Note: If you have existing notes that you want to import into Obsidian, instead of creating a new doc within Obsidian and copy-pasting the contents in one-by-one, you can drop all of your files into that new "vault" folder you just set up. Again, .md files are best because it's how Obsidian prefers to save its files and allows you "rich text formatting" like bolding, titles, hyperlinks, etc, so if you exported HTML or some other format, try web searching for a conversion tool to get them into Markdown.

Once you drop your files into the folder, you should see them appear in Obsidian.

Step 2: Set Up "Remotely Save" for Mobile Sync

To get the vault syncing with your phone or tablet, you need to use the community plugin called Remotely Save.

First, on Your Computer:

  1. With your new vault open in Obsidian, click the Settings gear icon (⚙️) in the bottom-left corner.
  2. Go to Community Plugins and click Turn on community plugins. It may close the settings window when you do this so just open it up again and go back to Community Plugins.
  3. Click Browse to open the plugin list. Search for Remotely Save.
  4. Click Install, and once it's finished, click Enable.
  5. Close the community plugins store window. You should now be back to the Settings -> Community Plugins screen and should see Remotely Save under Installed plugins.
  6. Click the settings button on Remotely Save.
  7. Select OneDrive in the Choose a Remote Service dropdown at the very top (or choose Dropbox).
  8. Click the Auth button below and follow the instructions to log in and grant the plugin permission. In OneDrive's case, you just have to copy-paste the URL they give you into a browser and login to Microsoft.
  9. You will now see a "rewind" looking icon on the left-hand side panel. Click it to trigger Remotely Save.

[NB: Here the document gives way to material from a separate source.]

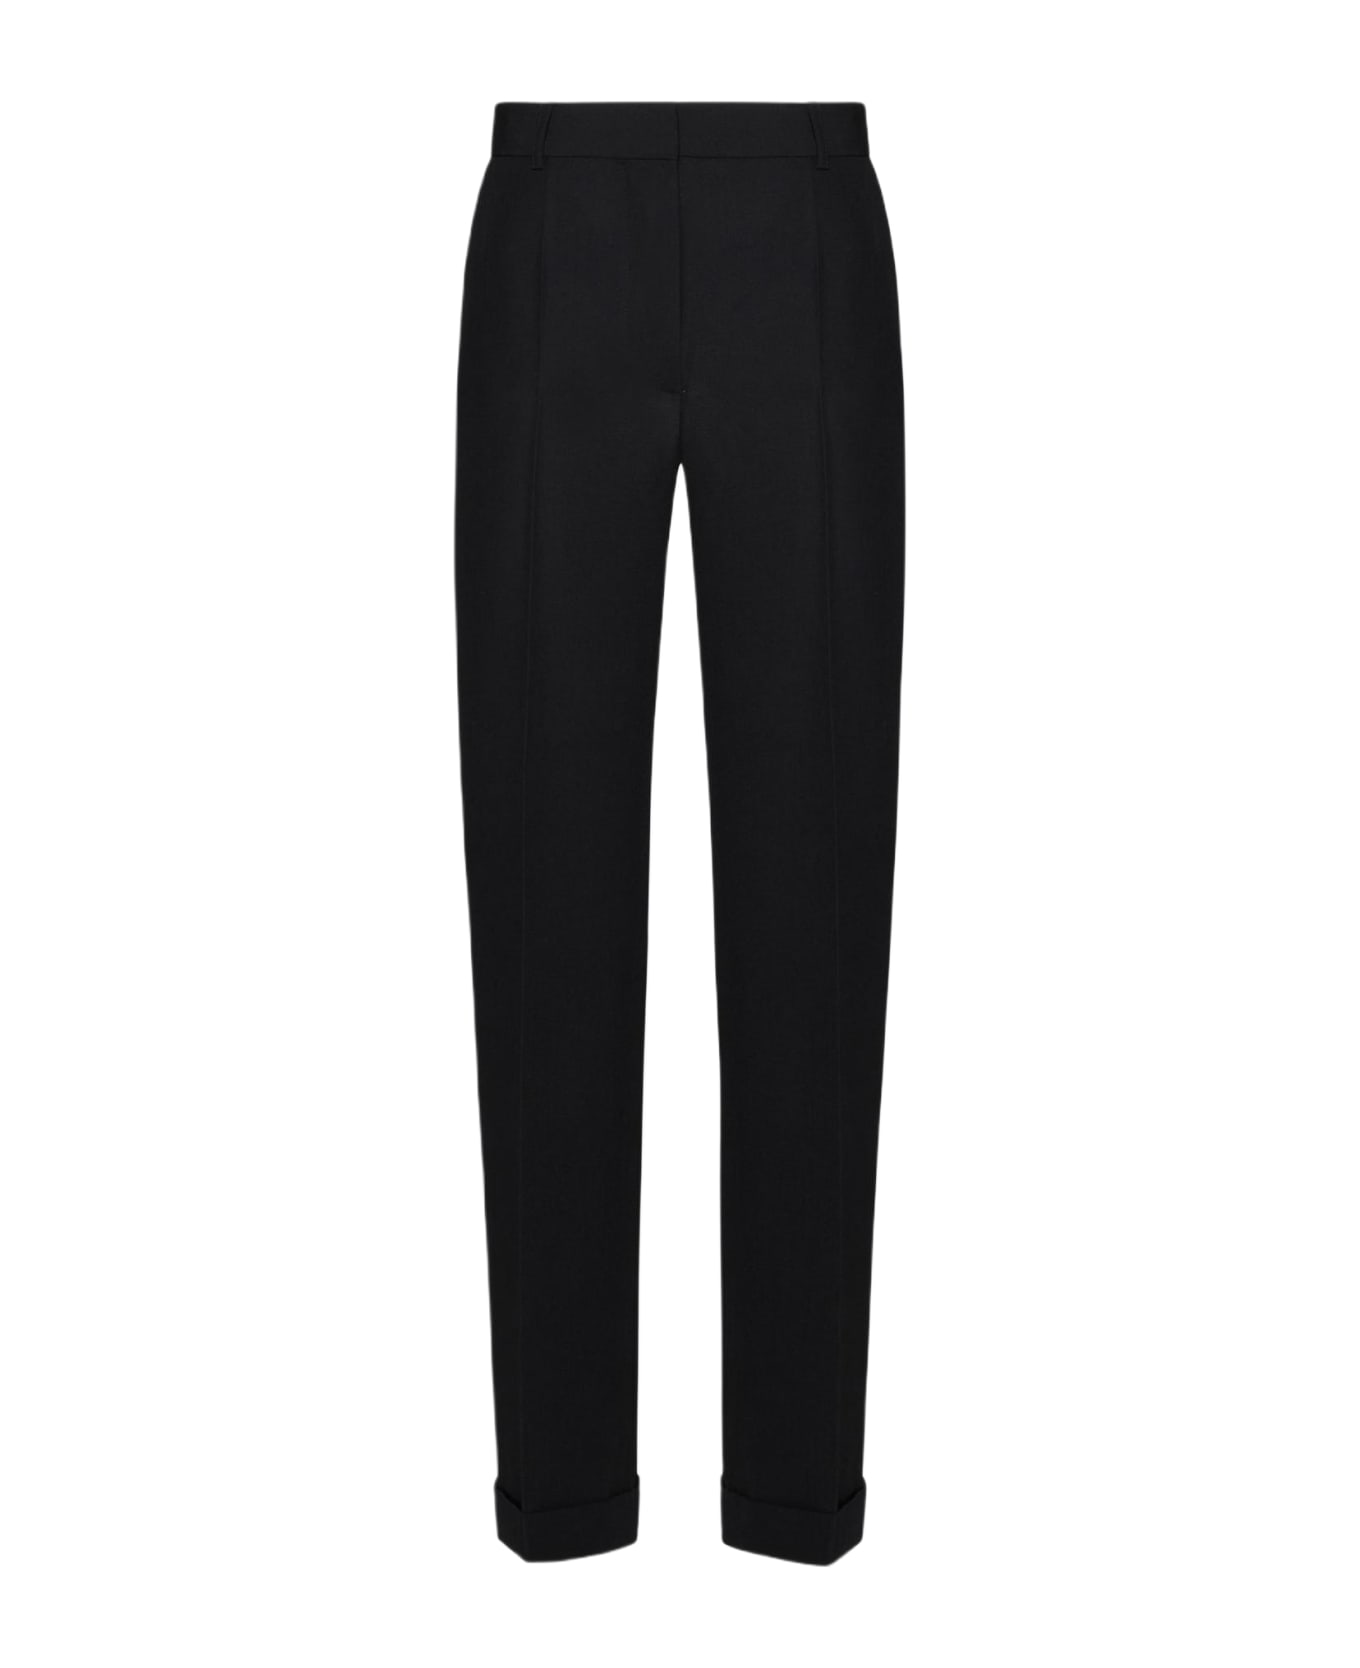 Totême Wool-blend Tailored Trousers - Black ボトムス

Second, on Your Mobile Device (Phone/Tablet):

  1. Install and open the Obsidian app.
  2. Choose Create new vault.
  3. Give the vault the exact same name as the vault you created on your computer (e.g., "Obsidian_Notes_Vault").
  4. Once the new empty vault is open, tap the Settings gear icon (⚙️). You may need to first click the icon in the top left to open the side panel, then click Settings.
  5. Go to Community Plugins and turn off Restricted Mode.
  6. Tap Browse, search for Remotely Save, install it, and enable it.
  7. Scroll to the "Installed Plugins" section and click the Remotely Save plugin settings icon.
  8. Choose OneDrive as the remote service, tap Auth, and log in to your Microsoft account to grant permission.
  9. After authorizing, return to the main vault view. On the bottom bar, you will either see the Remotely Save icon, or see a hamburger menu icon (the three horizontal lines). Click it and click Remotely Save to sync.

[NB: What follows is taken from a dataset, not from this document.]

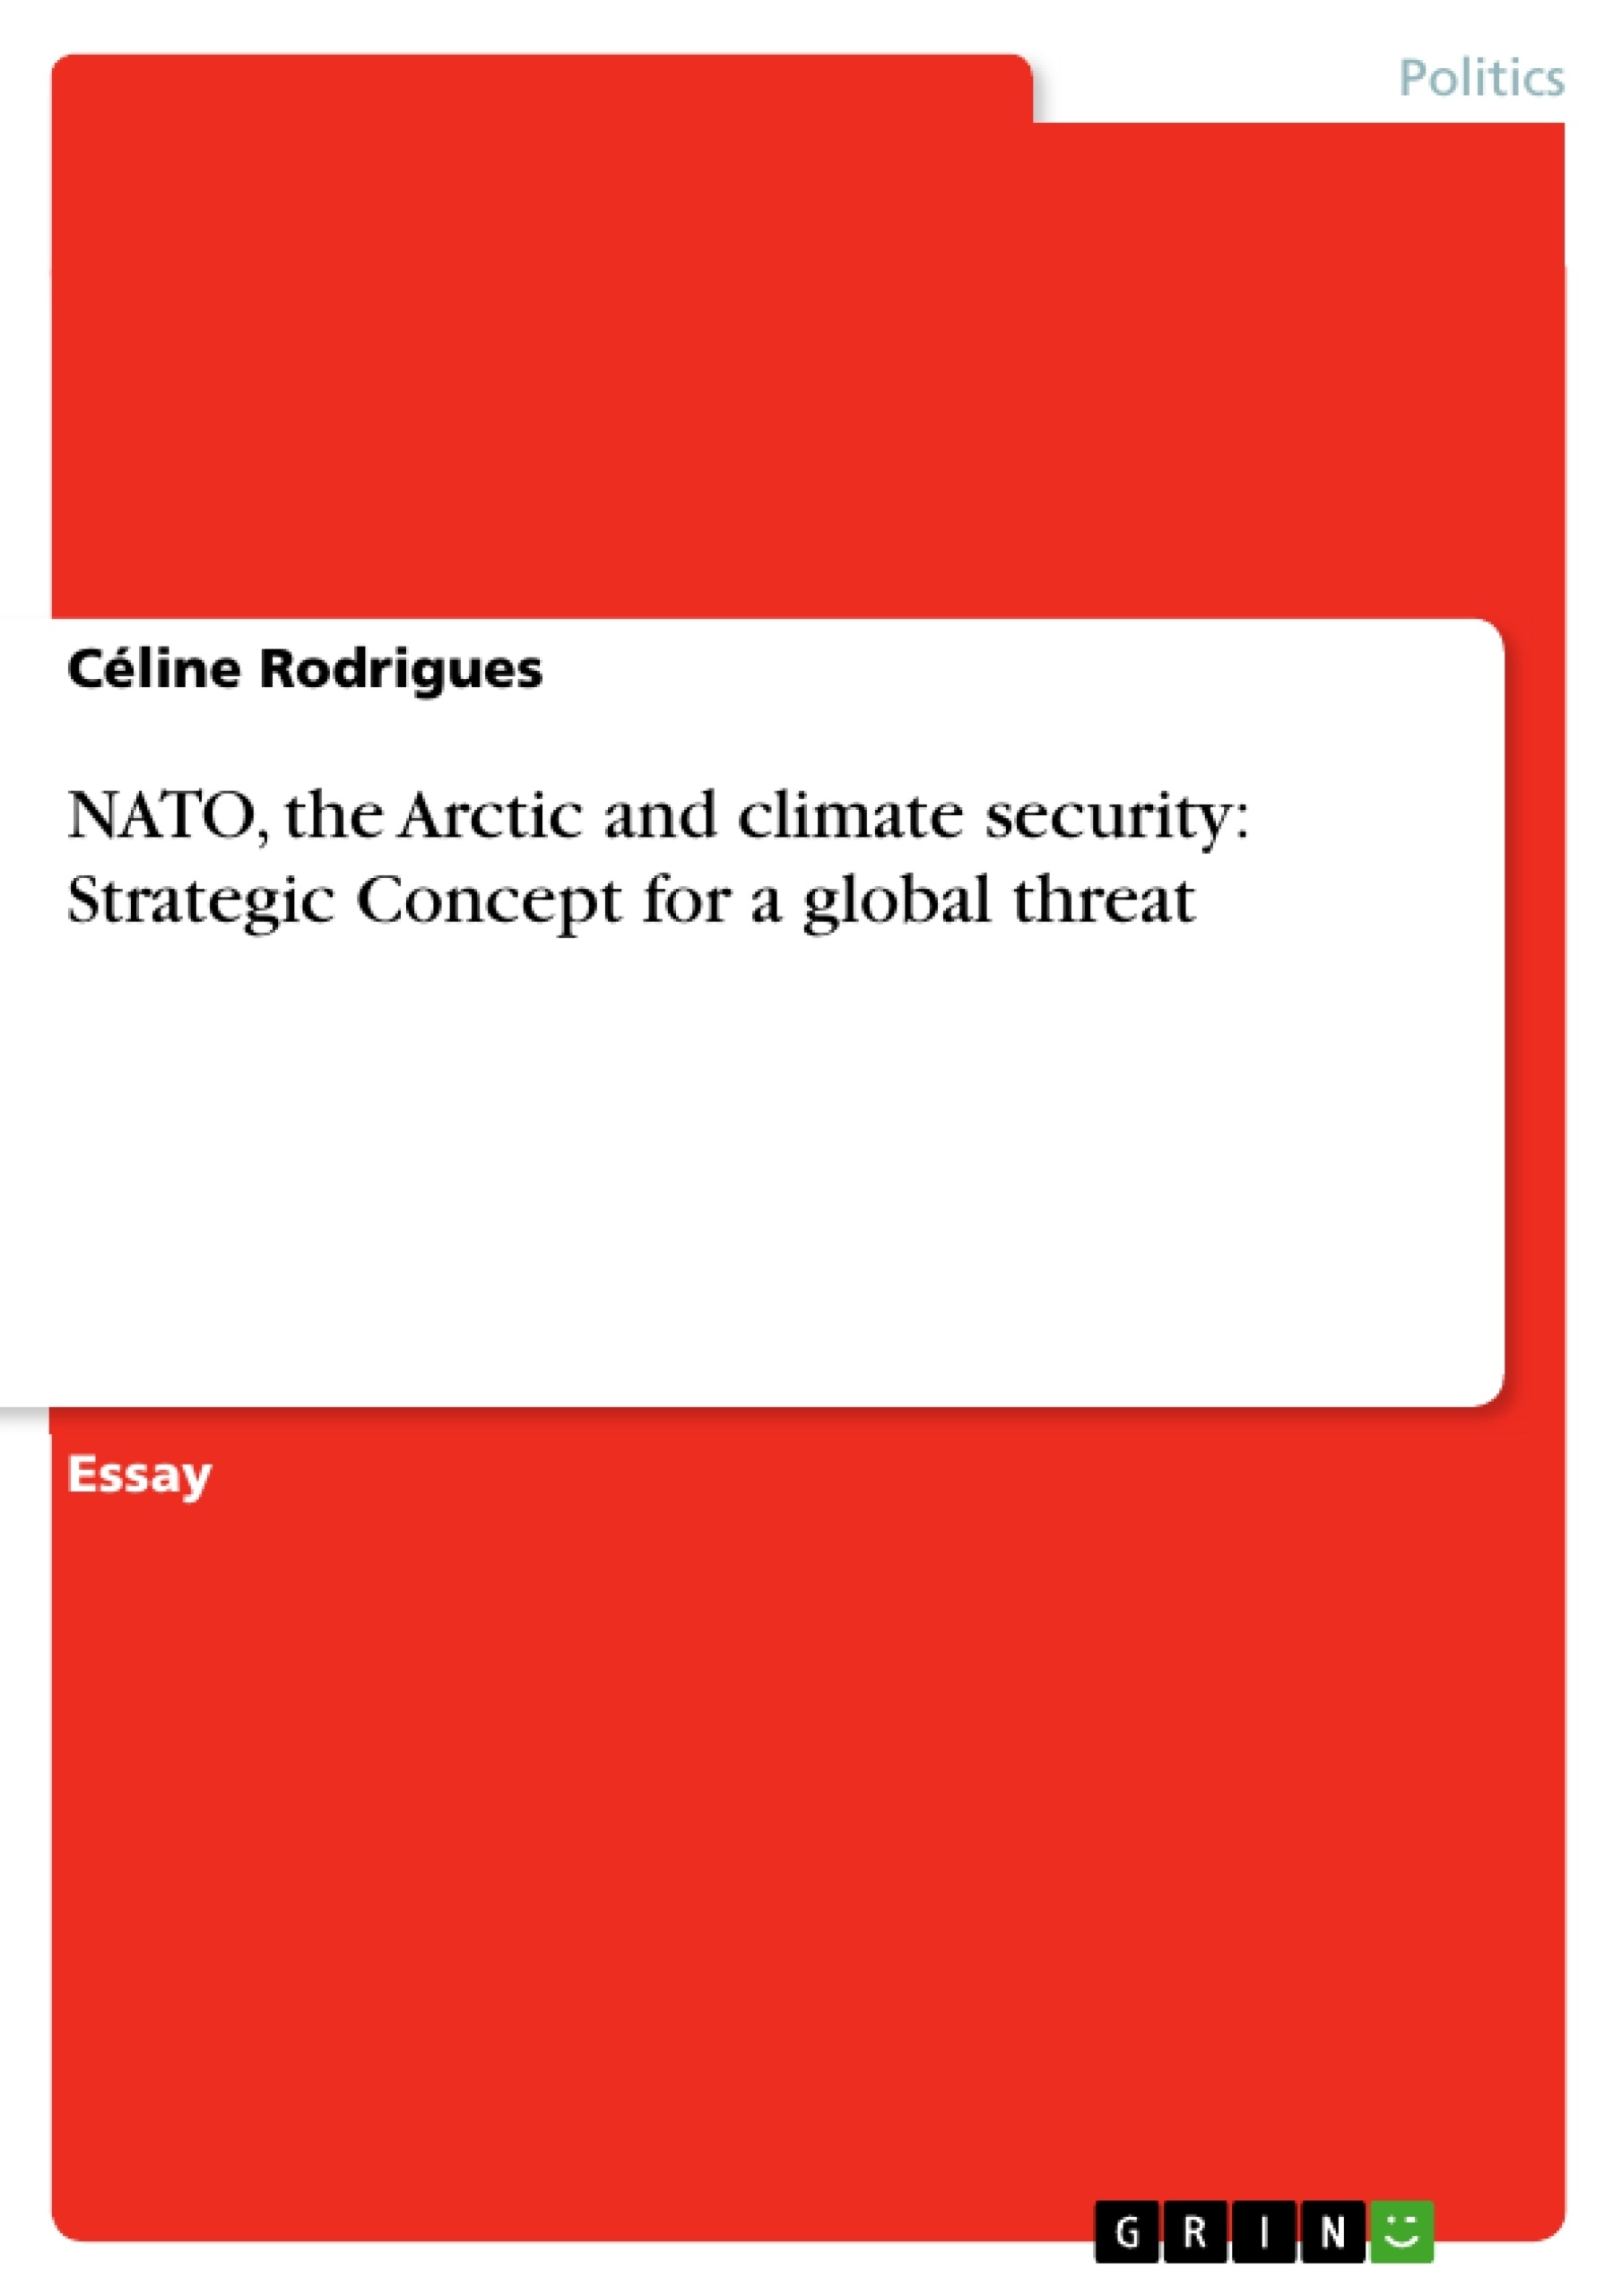 Title: NATO, the Arctic and climate security: Strategic Concept for a global threat

That's it, everything is synced 👍

Extra Step: Theming

  1. Head back to Settings then click Appearance then click Manage under the Themes section.
  2. From here, you can choose from many themes for Obsidian.

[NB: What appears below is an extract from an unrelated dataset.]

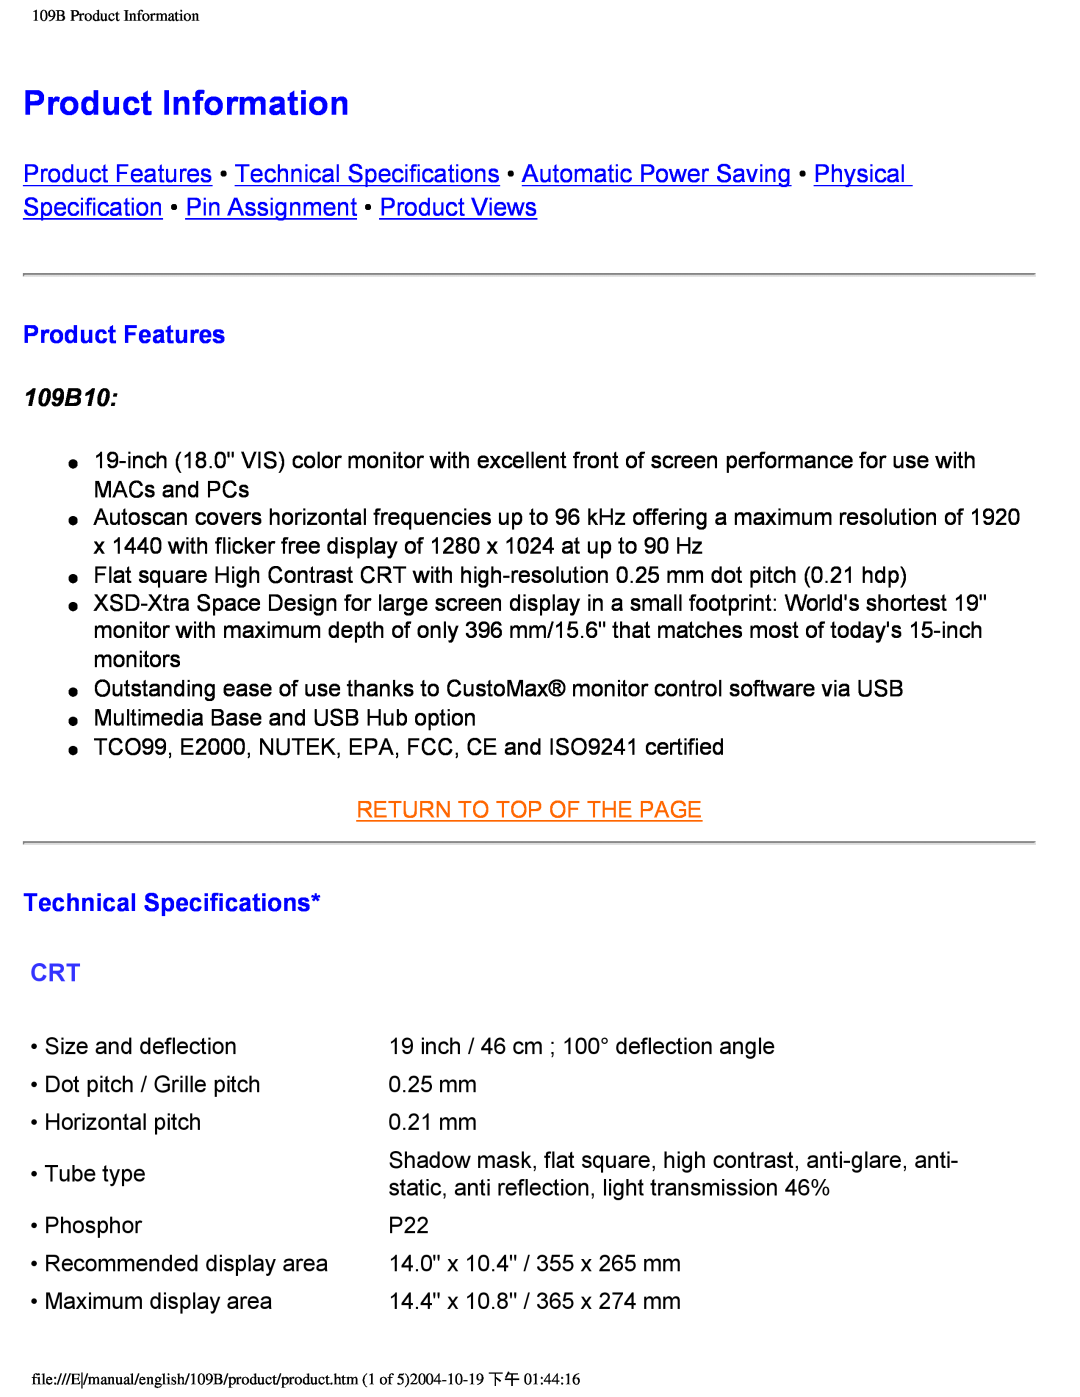 Philips user manual Product Information, Product Features, 109B10, Technical Specifications, Return To Top Of The Page

Personally, our team is a fan of the "Things" theme but there's so many good ones, Atom, Ayu Mirage, etc.

Notes on Syncing for Remotely Save

By default, Remotely Save syncs at specific times. It does not sync in real-time with every keystroke. The default triggers are:

  1. On Startup: The plugin syncs after you launch the Obsidian app on any device.
  2. On a Timer: It automatically syncs in the background every 10 minutes by default. You can change this interval in the plugin's settings.
  3. Manual Sync: Trigger a sync by clicking the Remotely Save icon in the left-hand menu.

Best Practice: To avoid conflicts, get into the habit of manually syncing before you close Obsidian on one device and before you start working on another.

Note: Obsidian has a core plugin called File Recovery that is on by default and helps mitigate issues of overwriting or sync conflicts.